▶ _TO DO_: An identical copy of all records below is to be written out.

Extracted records
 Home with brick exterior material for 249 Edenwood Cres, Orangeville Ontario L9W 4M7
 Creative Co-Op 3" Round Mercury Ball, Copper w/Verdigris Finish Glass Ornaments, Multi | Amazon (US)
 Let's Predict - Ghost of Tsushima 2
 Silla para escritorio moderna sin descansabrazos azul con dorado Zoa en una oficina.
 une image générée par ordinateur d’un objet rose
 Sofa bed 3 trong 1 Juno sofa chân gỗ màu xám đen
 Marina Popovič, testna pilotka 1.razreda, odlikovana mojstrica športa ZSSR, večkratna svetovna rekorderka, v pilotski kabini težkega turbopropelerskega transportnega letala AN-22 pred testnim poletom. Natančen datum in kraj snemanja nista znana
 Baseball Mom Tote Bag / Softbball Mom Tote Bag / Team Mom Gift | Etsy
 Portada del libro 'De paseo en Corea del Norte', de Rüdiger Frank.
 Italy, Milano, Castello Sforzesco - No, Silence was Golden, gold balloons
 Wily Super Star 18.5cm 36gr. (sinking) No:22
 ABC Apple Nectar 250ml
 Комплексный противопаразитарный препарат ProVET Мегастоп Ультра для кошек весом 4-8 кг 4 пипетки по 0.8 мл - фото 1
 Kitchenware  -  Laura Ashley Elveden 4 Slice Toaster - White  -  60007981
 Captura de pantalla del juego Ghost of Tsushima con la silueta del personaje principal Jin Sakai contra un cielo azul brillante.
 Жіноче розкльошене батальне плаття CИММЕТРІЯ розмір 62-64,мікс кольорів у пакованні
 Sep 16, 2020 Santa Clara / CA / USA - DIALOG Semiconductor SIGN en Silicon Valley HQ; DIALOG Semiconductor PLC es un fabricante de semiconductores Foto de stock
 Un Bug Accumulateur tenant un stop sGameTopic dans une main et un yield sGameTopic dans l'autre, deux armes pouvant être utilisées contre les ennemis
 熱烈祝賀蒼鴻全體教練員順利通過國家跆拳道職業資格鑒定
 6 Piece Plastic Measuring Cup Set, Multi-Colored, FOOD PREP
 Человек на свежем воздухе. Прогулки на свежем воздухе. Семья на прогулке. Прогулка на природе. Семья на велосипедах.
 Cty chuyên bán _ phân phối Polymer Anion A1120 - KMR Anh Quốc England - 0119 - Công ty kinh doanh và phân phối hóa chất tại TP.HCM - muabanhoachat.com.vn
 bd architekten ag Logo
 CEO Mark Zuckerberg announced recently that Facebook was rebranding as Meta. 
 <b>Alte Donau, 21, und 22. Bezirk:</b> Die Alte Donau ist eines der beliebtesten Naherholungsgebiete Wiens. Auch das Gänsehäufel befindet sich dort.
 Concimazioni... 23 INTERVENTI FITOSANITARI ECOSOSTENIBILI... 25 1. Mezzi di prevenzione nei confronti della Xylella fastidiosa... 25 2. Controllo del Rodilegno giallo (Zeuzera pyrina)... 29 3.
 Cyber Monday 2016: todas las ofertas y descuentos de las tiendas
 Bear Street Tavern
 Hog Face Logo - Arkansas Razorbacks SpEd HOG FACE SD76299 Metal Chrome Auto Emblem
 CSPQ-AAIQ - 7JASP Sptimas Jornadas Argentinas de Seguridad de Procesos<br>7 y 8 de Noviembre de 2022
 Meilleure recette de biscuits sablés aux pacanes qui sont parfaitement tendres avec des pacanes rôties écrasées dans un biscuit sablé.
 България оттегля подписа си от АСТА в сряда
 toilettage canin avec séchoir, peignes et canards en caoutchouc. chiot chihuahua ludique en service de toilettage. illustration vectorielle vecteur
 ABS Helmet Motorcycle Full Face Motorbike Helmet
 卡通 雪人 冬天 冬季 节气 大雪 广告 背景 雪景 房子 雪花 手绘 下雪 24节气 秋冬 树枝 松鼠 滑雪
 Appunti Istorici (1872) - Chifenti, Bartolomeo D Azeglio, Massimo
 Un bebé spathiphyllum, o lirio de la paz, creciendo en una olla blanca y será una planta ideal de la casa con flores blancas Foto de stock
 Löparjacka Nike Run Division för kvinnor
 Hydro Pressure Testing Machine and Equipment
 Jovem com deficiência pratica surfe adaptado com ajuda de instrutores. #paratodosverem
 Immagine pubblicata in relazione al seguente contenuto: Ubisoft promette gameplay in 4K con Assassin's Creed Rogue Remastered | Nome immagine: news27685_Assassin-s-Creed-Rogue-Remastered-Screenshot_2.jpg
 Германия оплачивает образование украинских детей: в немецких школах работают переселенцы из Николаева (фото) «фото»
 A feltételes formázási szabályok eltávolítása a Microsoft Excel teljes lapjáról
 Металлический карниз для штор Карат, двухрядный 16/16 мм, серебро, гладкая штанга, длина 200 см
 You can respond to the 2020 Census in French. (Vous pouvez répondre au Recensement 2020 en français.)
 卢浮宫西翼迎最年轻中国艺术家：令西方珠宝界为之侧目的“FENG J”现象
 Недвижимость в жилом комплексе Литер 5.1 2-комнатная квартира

▶ _SOLUTION BELOW_:
 Home with brick exterior material for 249 Edenwood Cres, Orangeville Ontario L9W 4M7
 Creative Co-Op 3" Round Mercury Ball, Copper w/Verdigris Finish Glass Ornaments, Multi | Amazon (US)
 Let's Predict - Ghost of Tsushima 2
 Silla para escritorio moderna sin descansabrazos azul con dorado Zoa en una oficina.
 une image générée par ordinateur d’un objet rose
 Sofa bed 3 trong 1 Juno sofa chân gỗ màu xám đen
 Marina Popovič, testna pilotka 1.razreda, odlikovana mojstrica športa ZSSR, večkratna svetovna rekorderka, v pilotski kabini težkega turbopropelerskega transportnega letala AN-22 pred testnim poletom. Natančen datum in kraj snemanja nista znana
 Baseball Mom Tote Bag / Softbball Mom Tote Bag / Team Mom Gift | Etsy
 Portada del libro 'De paseo en Corea del Norte', de Rüdiger Frank.
 Italy, Milano, Castello Sforzesco - No, Silence was Golden, gold balloons
 Wily Super Star 18.5cm 36gr. (sinking) No:22
 ABC Apple Nectar 250ml
 Комплексный противопаразитарный препарат ProVET Мегастоп Ультра для кошек весом 4-8 кг 4 пипетки по 0.8 мл - фото 1
 Kitchenware  -  Laura Ashley Elveden 4 Slice Toaster - White  -  60007981
 Captura de pantalla del juego Ghost of Tsushima con la silueta del personaje principal Jin Sakai contra un cielo azul brillante.
 Жіноче розкльошене батальне плаття CИММЕТРІЯ розмір 62-64,мікс кольорів у пакованні
 Sep 16, 2020 Santa Clara / CA / USA - DIALOG Semiconductor SIGN en Silicon Valley HQ; DIALOG Semiconductor PLC es un fabricante de semiconductores Foto de stock
 Un Bug Accumulateur tenant un stop sGameTopic dans une main et un yield sGameTopic dans l'autre, deux armes pouvant être utilisées contre les ennemis
 熱烈祝賀蒼鴻全體教練員順利通過國家跆拳道職業資格鑒定
 6 Piece Plastic Measuring Cup Set, Multi-Colored, FOOD PREP
 Человек на свежем воздухе. Прогулки на свежем воздухе. Семья на прогулке. Прогулка на природе. Семья на велосипедах.
 Cty chuyên bán _ phân phối Polymer Anion A1120 - KMR Anh Quốc England - 0119 - Công ty kinh doanh và phân phối hóa chất tại TP.HCM - muabanhoachat.com.vn
 bd architekten ag Logo
 CEO Mark Zuckerberg announced recently that Facebook was rebranding as Meta. 
 <b>Alte Donau, 21, und 22. Bezirk:</b> Die Alte Donau ist eines der beliebtesten Naherholungsgebiete Wiens. Auch das Gänsehäufel befindet sich dort.
 Concimazioni... 23 INTERVENTI FITOSANITARI ECOSOSTENIBILI... 25 1. Mezzi di prevenzione nei confronti della Xylella fastidiosa... 25 2. Controllo del Rodilegno giallo (Zeuzera pyrina)... 29 3.
 Cyber Monday 2016: todas las ofertas y descuentos de las tiendas
 Bear Street Tavern
 Hog Face Logo - Arkansas Razorbacks SpEd HOG FACE SD76299 Metal Chrome Auto Emblem
 CSPQ-AAIQ - 7JASP Sptimas Jornadas Argentinas de Seguridad de Procesos<br>7 y 8 de Noviembre de 2022
 Meilleure recette de biscuits sablés aux pacanes qui sont parfaitement tendres avec des pacanes rôties écrasées dans un biscuit sablé.
 България оттегля подписа си от АСТА в сряда
 toilettage canin avec séchoir, peignes et canards en caoutchouc. chiot chihuahua ludique en service de toilettage. illustration vectorielle vecteur
 ABS Helmet Motorcycle Full Face Motorbike Helmet
 卡通 雪人 冬天 冬季 节气 大雪 广告 背景 雪景 房子 雪花 手绘 下雪 24节气 秋冬 树枝 松鼠 滑雪
 Appunti Istorici (1872) - Chifenti, Bartolomeo D Azeglio, Massimo
 Un bebé spathiphyllum, o lirio de la paz, creciendo en una olla blanca y será una planta ideal de la casa con flores blancas Foto de stock
 Löparjacka Nike Run Division för kvinnor
 Hydro Pressure Testing Machine and Equipment
 Jovem com deficiência pratica surfe adaptado com ajuda de instrutores. #paratodosverem
 Immagine pubblicata in relazione al seguente contenuto: Ubisoft promette gameplay in 4K con Assassin's Creed Rogue Remastered | Nome immagine: news27685_Assassin-s-Creed-Rogue-Remastered-Screenshot_2.jpg
 Германия оплачивает образование украинских детей: в немецких школах работают переселенцы из Николаева (фото) «фото»
 A feltételes formázási szabályok eltávolítása a Microsoft Excel teljes lapjáról
 Металлический карниз для штор Карат, двухрядный 16/16 мм, серебро, гладкая штанга, длина 200 см
 You can respond to the 2020 Census in French. (Vous pouvez répondre au Recensement 2020 en français.)
 卢浮宫西翼迎最年轻中国艺术家：令西方珠宝界为之侧目的“FENG J”现象
 Недвижимость в жилом комплексе Литер 5.1 2-комнатная квартира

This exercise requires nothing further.